● INFORMATION SUPPLIED

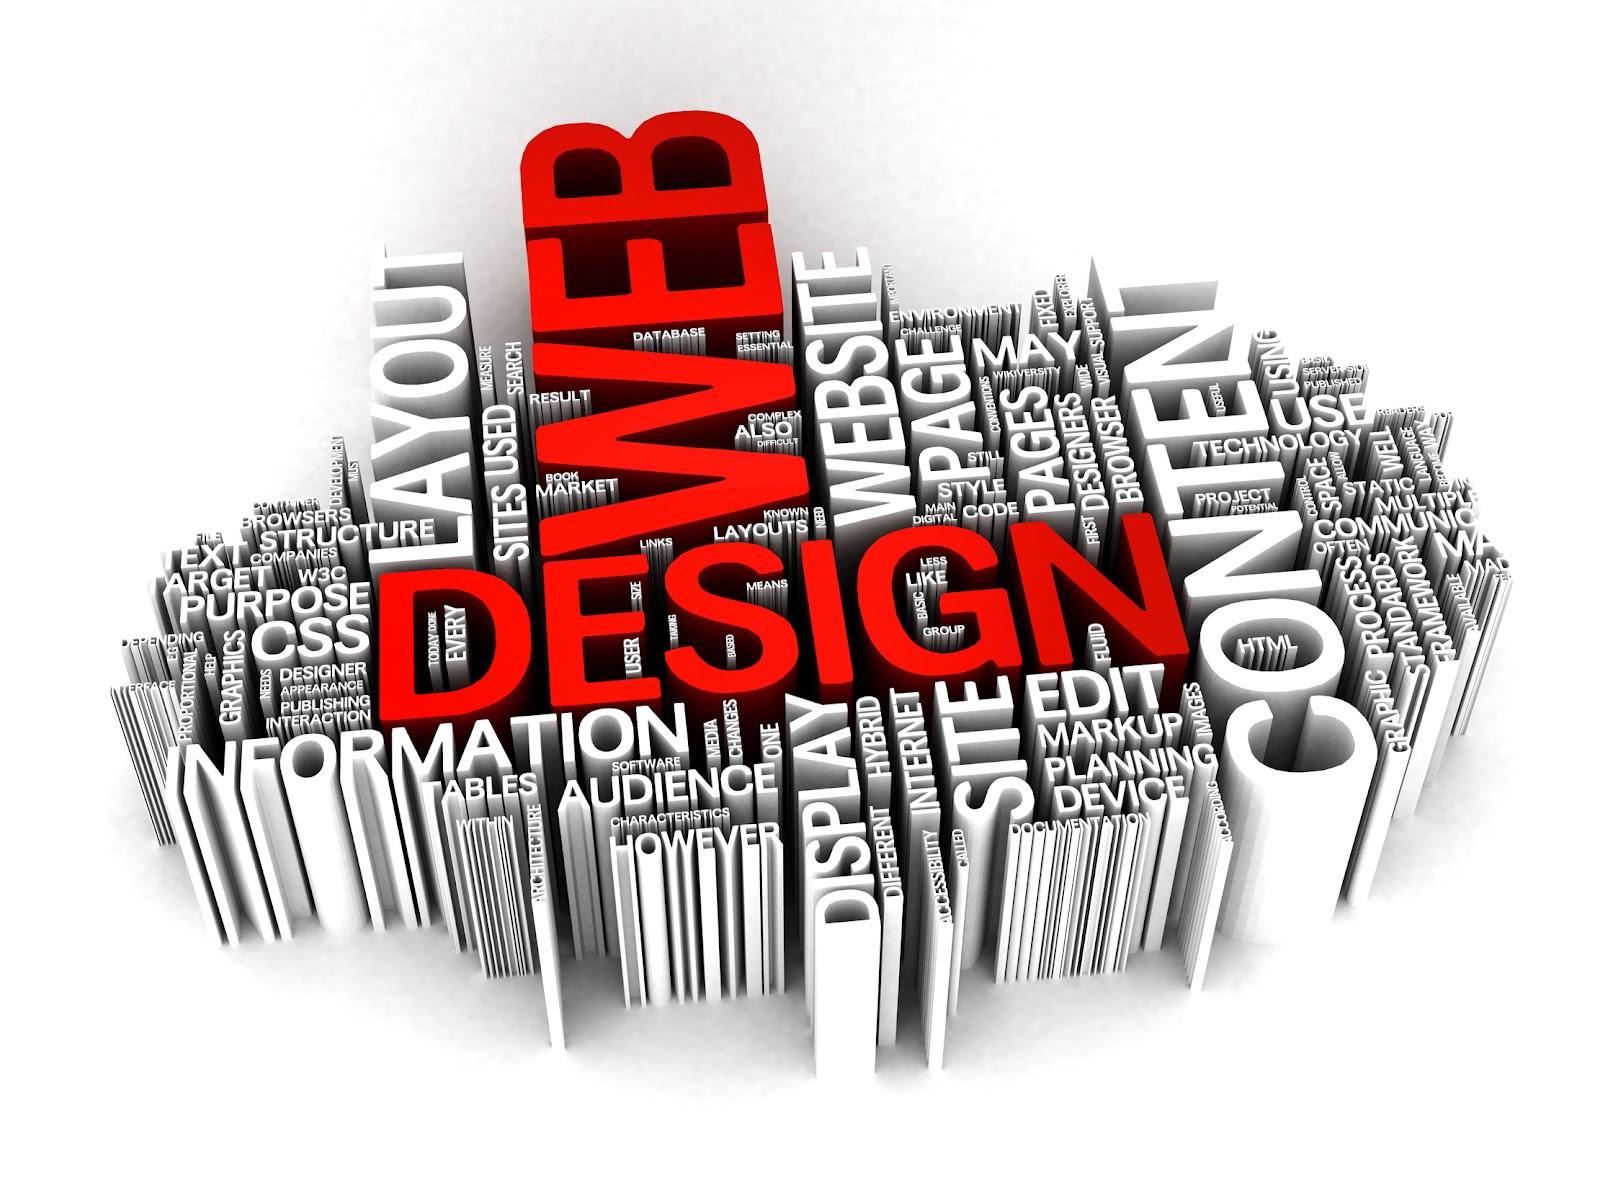 webdesiser
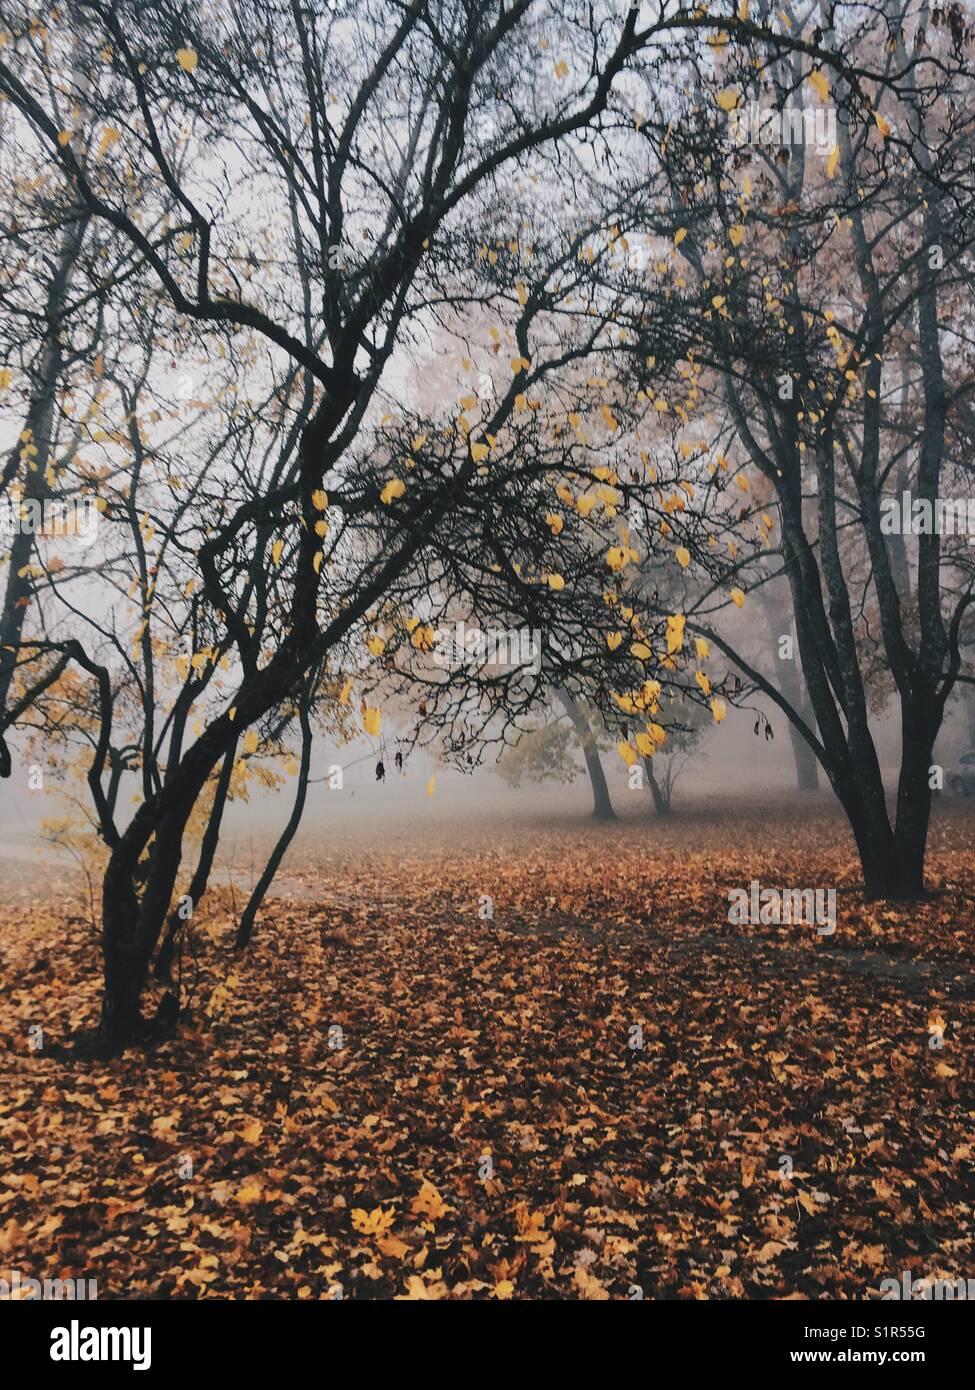 Landscapic mystérieuse scène avec arbres en automne brouillard. Photo Stock
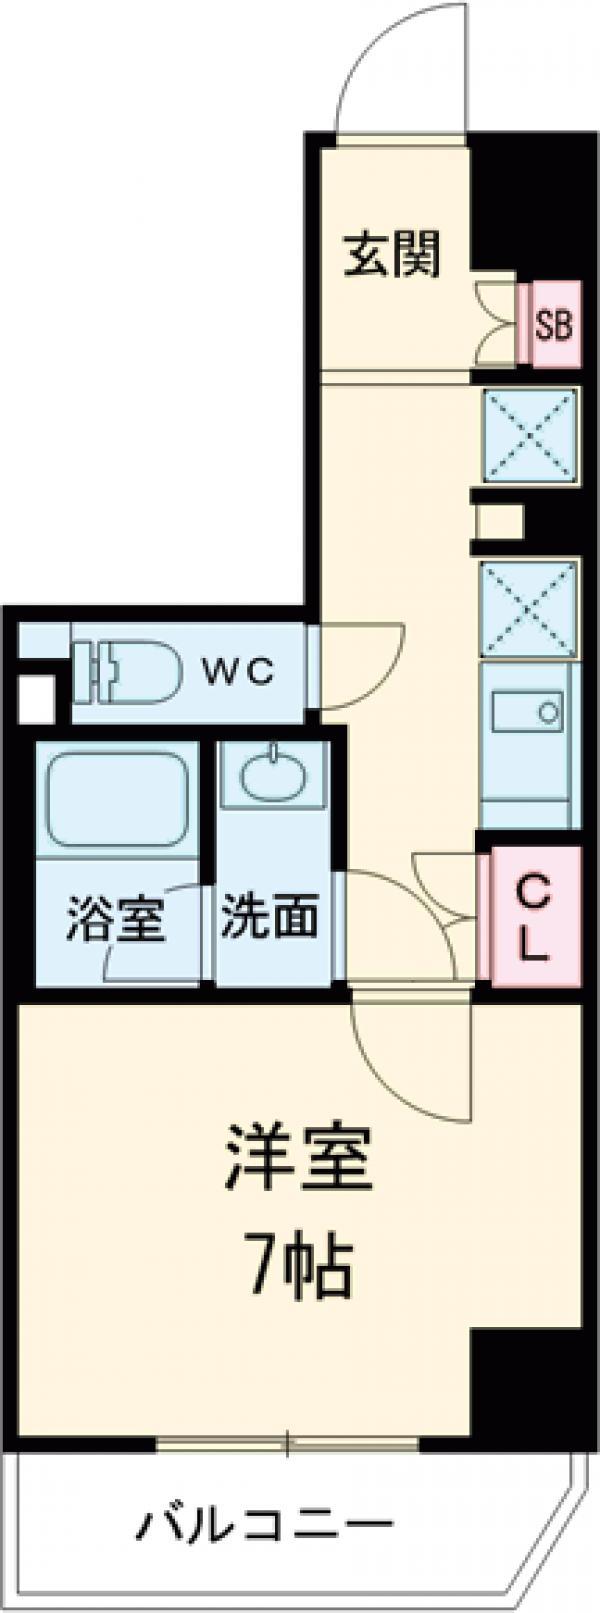 レオーネ高島平・405号室の間取り

● INSTRUCTIONS FOR THE TASK
The required output is every line of the data above, set down exactly and stripped of pictures.

● RESPONSE TO THIS EXERCISE
 webdesiser
 Landscapic mystérieuse scène avec arbres en automne brouillard. Photo Stock
 レオーネ高島平・405号室の間取り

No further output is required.